Vu l'article 85 du règlement (CE) n° 883/2004 du Parlement européen et du Conseil du 29 avril 2004 sur la coordination des systèmes de sécurité sociale, rendu applicable entre les États membres de l'Union européenne et la Confédération helvétique, au recours subrogatoire des tiers payeurs suisses par la décision n° 1/2012 du comité mixte institué par l'accord entre la communauté européenne et ses États membres et la Confédération suisse sur la libre circulation de personnes du 21 juin 1999, entré en vigueur le 1er juin 2002, portant sur la coordination des systèmes de sécurité sociale :

6. Selon ce texte, si une personne bénéficie de prestations en vertu de la législation d'un État membre pour un dommage résultant de faits survenus dans un autre État membre, la subrogation dont bénéficie l'institution débitrice en vertu de la législation qu'elle applique, dans les droits que le bénéficiaire détient à l'égard du tiers, est reconnue par chaque État membre.

7. La Cour de justice précise que, s'agissant d'une éventuelle subrogation de l'institution de sécurité sociale dans les droits de la victime ou de ses ayants droit, l'article 93 du règlement n° 1408/71, devenu l'article 85 du règlement n° 883/2004 du Parlement européen et du Conseil du 29 avril 2004 sur la coordination des systèmes de sécurité sociale, doit être interprété en ce sens que la subrogation, ainsi que l'étendue des droits dans lesquels l'institution est subrogée, sont déterminées selon le droit de l'État membre dont relève cette institution, à condition que l'exercice de la subrogation prévue par ce droit n'aille pas au-delà des droits que la victime ou ses ayants droit détiennent à l'égard de l'auteur du dommage en vertu du droit de l'État membre sur le territoire duquel le dommage est survenu (CJCE, 21 septembre 1999, Caisse de pension des employés privés, C-397/96).

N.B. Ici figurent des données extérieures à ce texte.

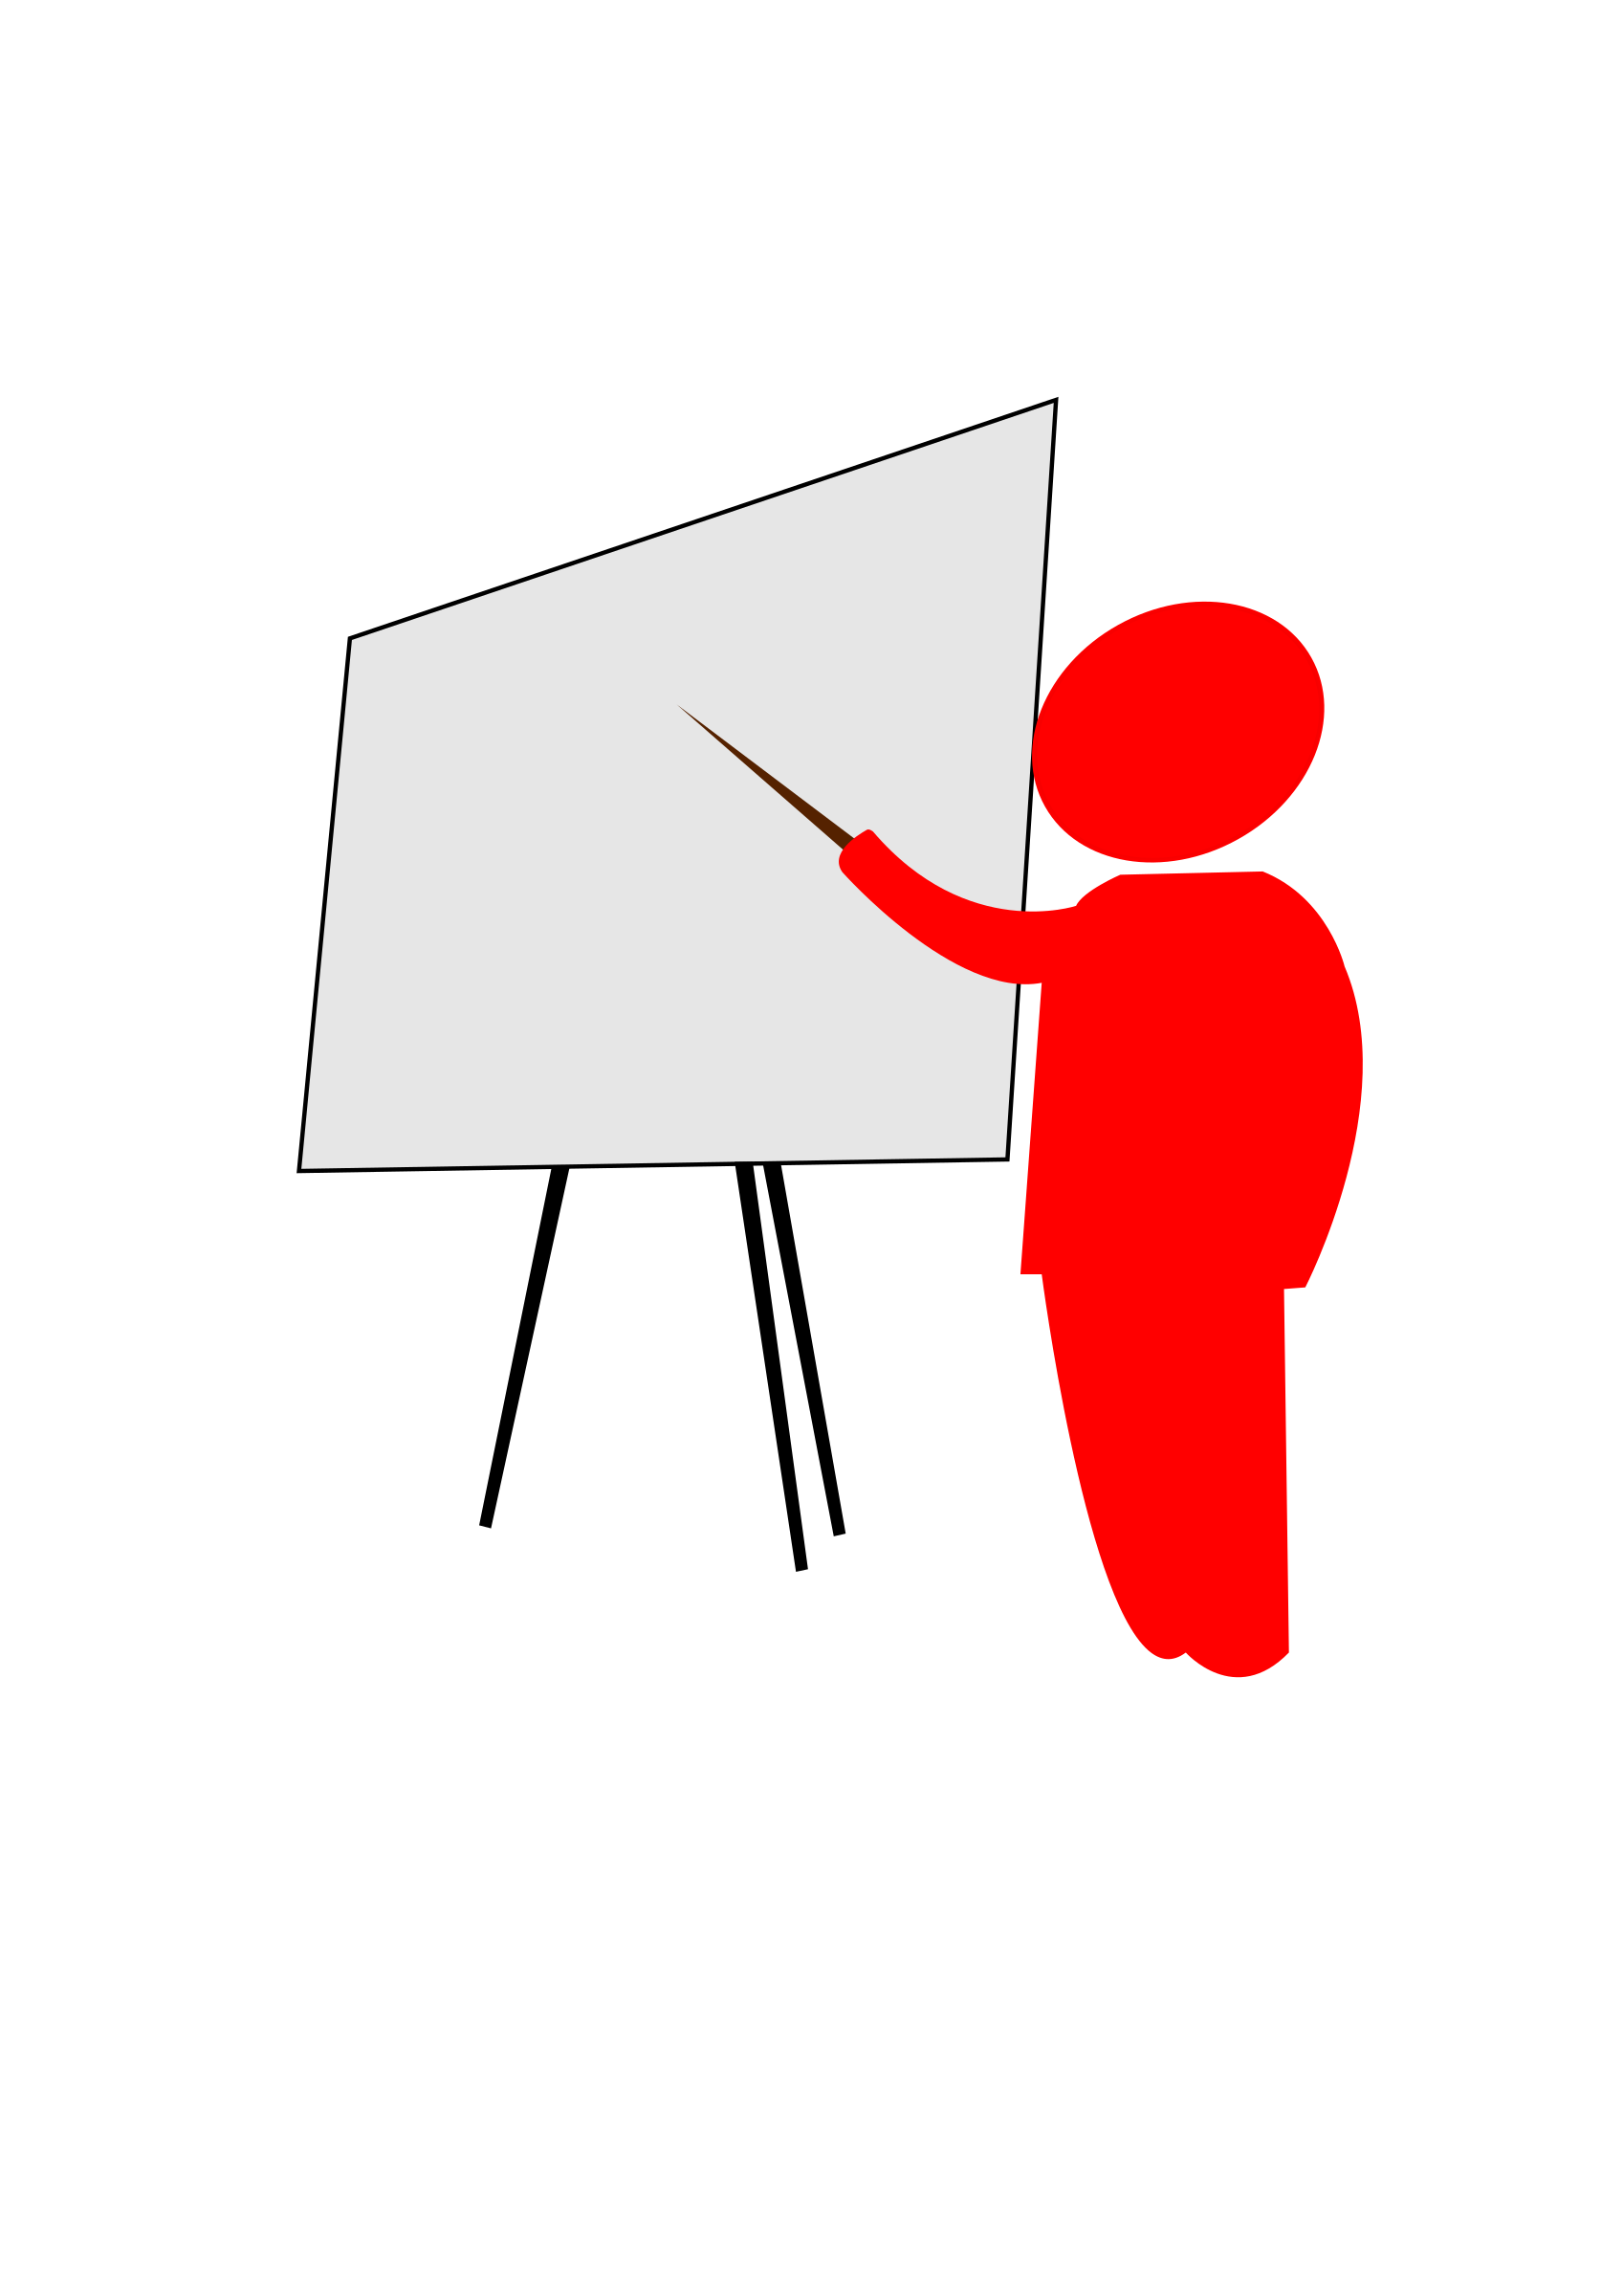 Clipart - teacher explains pointing to the blackboard

8. Pour fixer le droit à indemnisation de M. [K], à la charge de M. [G] et de Groupama à hauteur de 35 % de ses préjudices, l'arrêt retient que l'AIS et la SUVA, dont l'action à l'encontre de Groupama et M. [G] est fondée sur la subrogation, peuvent ainsi qu'il résulte de l'article 1346-5 du code civil se voir opposer les exceptions inhérentes à la dette ainsi que les exceptions nées de leurs rapports avec le subrogeant avant que la subrogation leur soit devenue opposable et qu'en l'absence de demande tendant à l'annulation de l'accord transactionnel intervenu entre leur assuré, M. [K], et Groupama, aux termes duquel tant les dommages résultant d'une atteinte à la personne que ceux résultant d'une atteinte aux biens tiennent compte d'une réduction de 65 % à la charge de la victime, cet accord est opposable aux assureurs suisses.

9. En statuant ainsi, alors que la subrogation, ainsi que l'étendue des droits dans lesquels les tiers payeurs étaient subrogés, devaient être déterminées selon le droit de la Confédération helvétique dont relevaient ces institutions, la cour d'appel a violé le texte susvisé.

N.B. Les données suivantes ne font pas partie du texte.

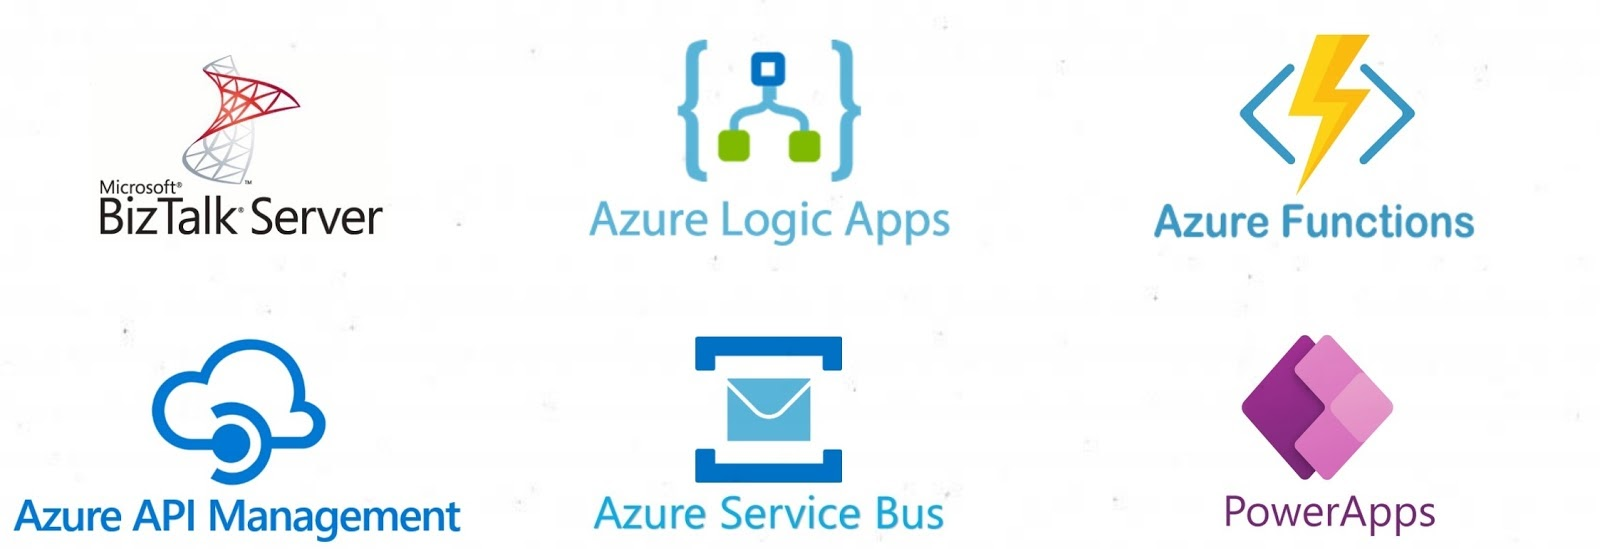 March 15, 2021 Weekly Update on Microsoft Integration Platform & Azure iPaaS

PAR CES MOTIFS, et sans qu'il y ait lieu de statuer sur le dernier grief du pourvoi principal, la Cour :

REJETTE le pourvoi incident ;

CASSE ET ANNULE, en toutes ses dispositions, l'arrêt rendu le 26 septembre 2023, entre les parties, par la cour d'appel de Besançon ;

Remet l'affaire et les parties dans l'état où elles se trouvaient avant cet arrêt et les renvoie devant la cour d'appel de Chambéry ;

Condamne M. [G] et la société Groupama Grand Est aux dépens ;

En application de l'article 700 du code de procédure civile, rejette la demande formée par M. [G] et la société Groupama Grand Est, ainsi que par M. [U] [K] et Mme [P] [X] épouse [K], agissant tant à titre personnel qu'en qualité de représentants légaux de leurs enfants mineurs [N] [K] et [O] [K], et condamne M. [G] et la société Groupama Grand Est à payer à la Caisse nationale suisse en cas d'accident et l'Assurance invalidité suisse la somme globale de 3 000 euros ;

Dit que sur les diligences du procureur général près la Cour de cassation, le présent arrêt sera transmis pour être transcrit en marge ou à la suite de l'arrêt cassé ;

Ainsi fait et jugé par la Cour de cassation, première chambre civile, et prononcé publiquement le cinq novembre deux mille vingt-cinq par mise à disposition de l'arrêt au greffe de la Cour, les parties ayant été préalablement avisées dans les conditions prévues au deuxième alinéa de l'article 450 du code de procédure civile.